SPOILERS ahead (but surely you've played all these, I hope)

Final Fantasy 4: Epic doesn't describe this one enough. I remember watching my friend Danny play this game and thinking "Wow, this shit is awesome." There is a dark knight, a dragoon, a ninja, a summoner, all sorts of crazy shit. They're fighting on the moon and fighting underground. People are dying. Getting turned to stone.

This FF was awesome simply for the fact that you had characters and not some faceless "warrior." Cecil was a rather dynamic main character as well. A dark knight forced to kill to attain the crystals. Yet he was remorseful for his actions. Just to have a dark knight as your main character was so different for that time. Heroes were always knights in shining armor or young plucky kids with goofy hats. But Cecil was a dark-plated knight with dark powers. Killing Mysidians. Hooking up with the white mage.

The accompanying cast was pretty badass as well. With one exception...

You had Kain, the dragoon, who wielded a spear and jumped 50 feet in the air and would land on shit like "Pow!" Kain was a rather unique character as well, because he actually turns evil for a short time and leaves your group. Also he had the hots for the white mage Rosa, and that pissed him off that Cecil had her. What a jealous prick.

Then Rosa, the white mage everyone loved. She's a typical FF heroine: compassionate and earnest. Always looking out for everyone. Except Kain. He was totally gross to her. I guess.

Others include Rydia, the child summoner who becomes the badass teenage summoner with green hair, Tellah, the old fart who casts Meteo and kills himself, Edge, the quiet ninja prince guy, Yang who had a little ponytail and could kick people, the twins Palom and Porom, who were annoying but could wreak havoc with their spells, and Fu So Ya, the moon wizard who looked really old.

And that was it.

Oh, wait. Sorry. There was that "spoony bard" Edward. Arguably one of the shittiest characters in all of FF. He played a harp and his special ability was that he could hide. Not cast a spell, not wreck someone with his sword, but fucking hide. Shitty, shitty, shitty.

Nonetheless, the game rocked. My love for FF only increased ten-fold. But it was about to increase 10,000-fold.

Final Fantasy 6: The best in the series, in my opinion. The ensemble cast. The great story. The hated villain Kefka. Just an excellent game all around. It also introduce a steam-punkish sort of world, where magic powered machines.

The magic system was pretty interesting as well. You would get these creatures called Espers that you would attach to your character. Then he'd learn spells based off what Esper he had. So if you had Shiva, the character would learn like Blizzard and shit like that. Just a really cool concept I think.

The large cast made for lots of lots of storyline.

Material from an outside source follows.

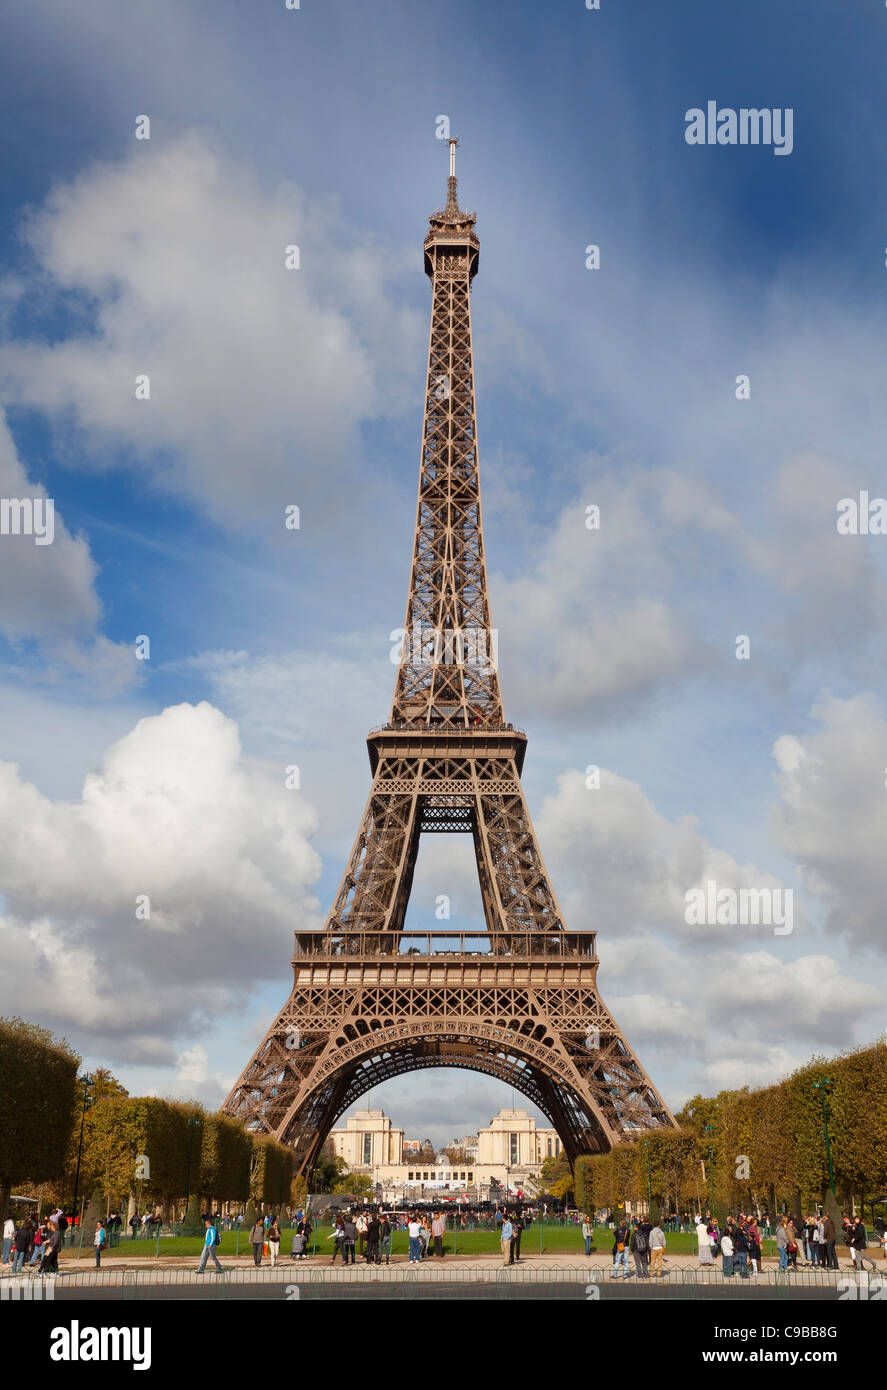 La torre Eiffel, vista desde el sur, París, Francia. Día soleado cielo azul. Foto de stock

Some of the storyline was much better than others. Sabin and Edgar's story, the royal brothers was very good. Shadow the ninja's back story was intriguing to watch unravel through dreams. Terra, the amnesiac mage, who grew more and more powerful. Locke, the treasure hunter that would not let anyone die due to a promise he kept to his dead girlfriend. Just so much cool stuff to discuss.

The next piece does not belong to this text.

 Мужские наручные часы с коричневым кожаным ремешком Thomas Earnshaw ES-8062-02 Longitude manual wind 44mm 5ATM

But the star of the whole game has to be Kefka. The cackling, clown mage who was maniacal and diabolic. He seemed almost patterned after the Joker, in that he was utterly insane but also rather calculating with his actions. The part where he says "I hate hate hate hate hate hate hate, etc." just exhibits how nuts he was. And then he gets a giant tower called the Eye of Judgment later in the game and just starts killing innocent people. He poisons an entire castle and even kills the Emperor Geshtalt that he serves. He's a complete nutjob, but that's what makes him so memorable. He's at times vulnerable and cowardly and at times vicious and frightening. One of top 3 FF villains in all the series I think.

The game is everything a FF should be. Great story. Great characters. Good game play. Any easy to decipher magic system. Lots and lots of exploring. Many side quests. Just an all around perfect RPG. If there is a FF 15, I hope it resembles FF 6 the most. Fans want more games like this. Not convoluted philosophical babble and girlish/goofy and/or brooding/boring heroes.

Next I'll talk about the game that made the Playstation and honestly put Square on the map globally. Final Fantasy 7, the most beloved of all the series. And for good reason.

Until next time, "Har har har!" (Kefka's laugh)

Thursday, January 13, 2011

Final Fantasy Memories Part 1: My Final Fantasy 1 S&M Experience

Are we finally coming to a time where there won't be a final Final Fantasy? Please...no.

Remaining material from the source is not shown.